Polymerase chain reaction (PCR)
Introduction:
Polymerase chain reaction (PCR) is a very versatile gene amplification method that has brought a tremendous progress in molecular biology and genetics. It is an in vitro method of amplifying a desired DNA sequence of any origin hundreds of million times in hours. Typically, the goal of PCR is to make enough of the target DNA region that it can be analyzed or used in some other way. For instance, DNA amplified by PCR may be sent for sequencing, visualized by gel electrophoresis, or cloned into a plasmid for further experiments. PCR is used in many areas of biology and medicine, including molecular biology research, medical diagnostics, and even some branches of ecology.
1. Components of PCR:
The PCR reaction requires the following components:
1. DNA Template : The double stranded DNA (dsDNA) of interest, separated from the sample.
2. DNA Polymerase : Usually a thermostable Taq polymerase that does not rapidly denature at high temperatures (98°), and can function at a temperature optimum of about 70°C.

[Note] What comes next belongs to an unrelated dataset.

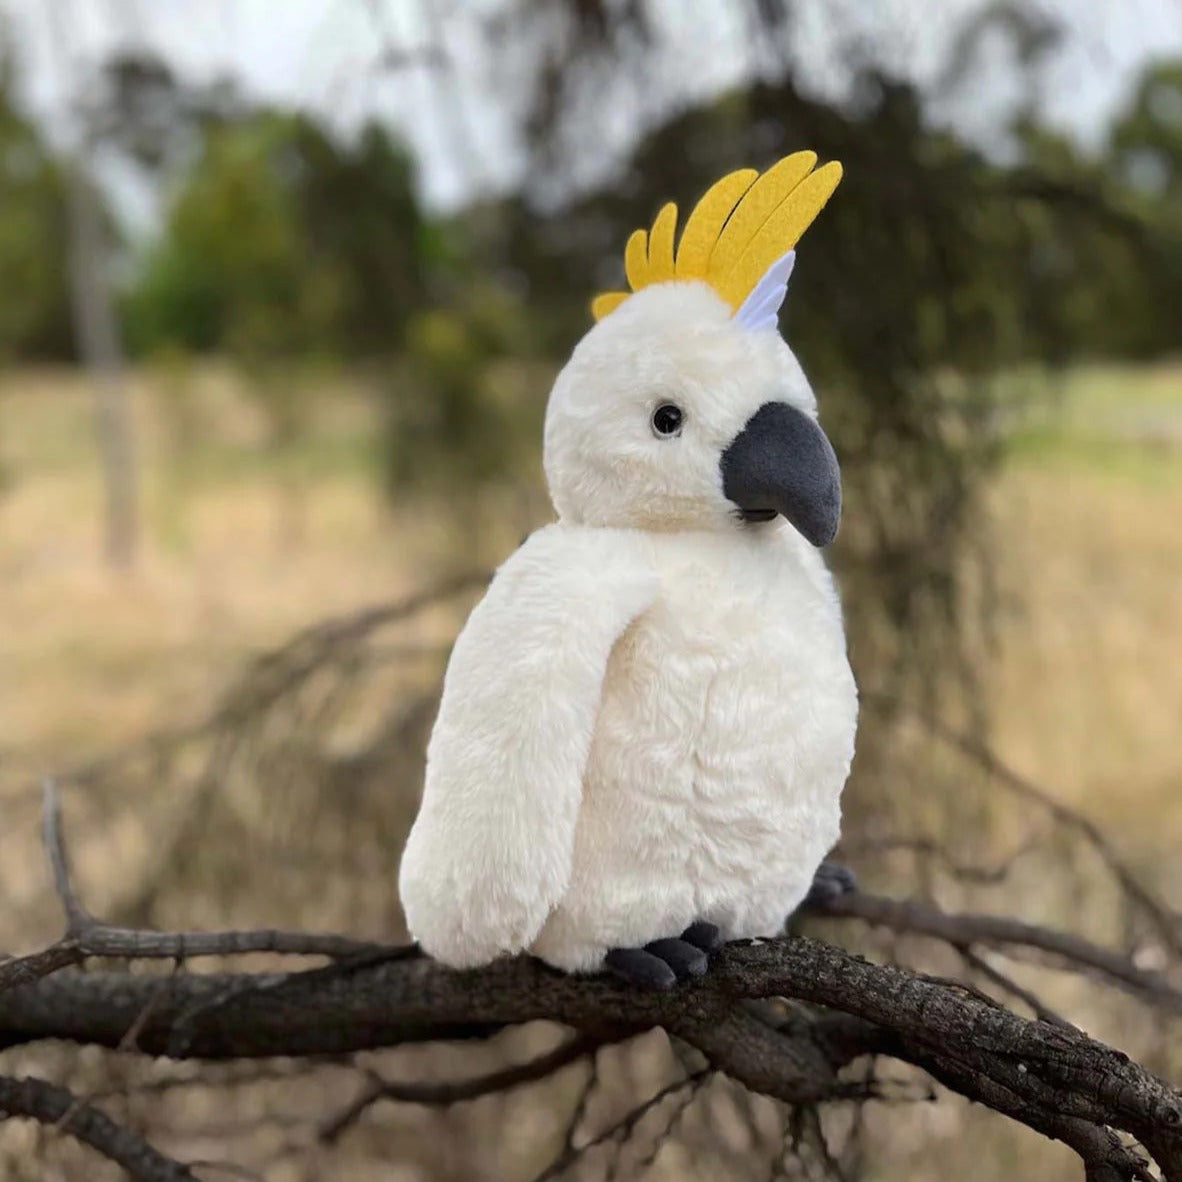 soft toy cockatoo - angus and dudley

3. Oligonucleotide primers : Short pieces of single stranded DNA (often 20-30 base pairs) which are complementary to the 3’ ends of the sense and anti-sense strands of the target sequence.
4. Deoxynucleotide triphosphates : Single units of the bases A, T, G, and C (dATP, dTTP, dGTP, dCTP) provide the energy for polymerization and the building blocks for DNA synthesis.
5. Buffer system : Includes magnesium and potassium to provide the optimal conditions for DNA denaturation and renaturation; also important for polymerase activity, stability and fidelity.
2. PCR procedure
All the PCR components are mixed together and are taken through series of 3 major cyclic reactions conducted in an automated, self-contained thermocycler machine.
1. Denaturation :
This step involves heating the reaction mixture to 94°C for 15-30 seconds. During this, the double stranded DNA is denatured to single strands due to breakage in weak hydrogen bonds.
2. Annealing :
The reaction temperature is rapidly lowered to 54-60°C for 20-40 seconds. This allows the primers to bind (anneal) to their complementary sequence in the template DNA.
3. Elongation :
Also known at extension, this step usually occurs at 72-80°C (most commonly 72°C). In this step, the polymerase enzyme sequentially adds bases to the 3′ each primer, extending the DNA sequence in the 5′ to 3′ direction. Under optimal conditions, DNA polymerase will add about 1,000 bp/minute.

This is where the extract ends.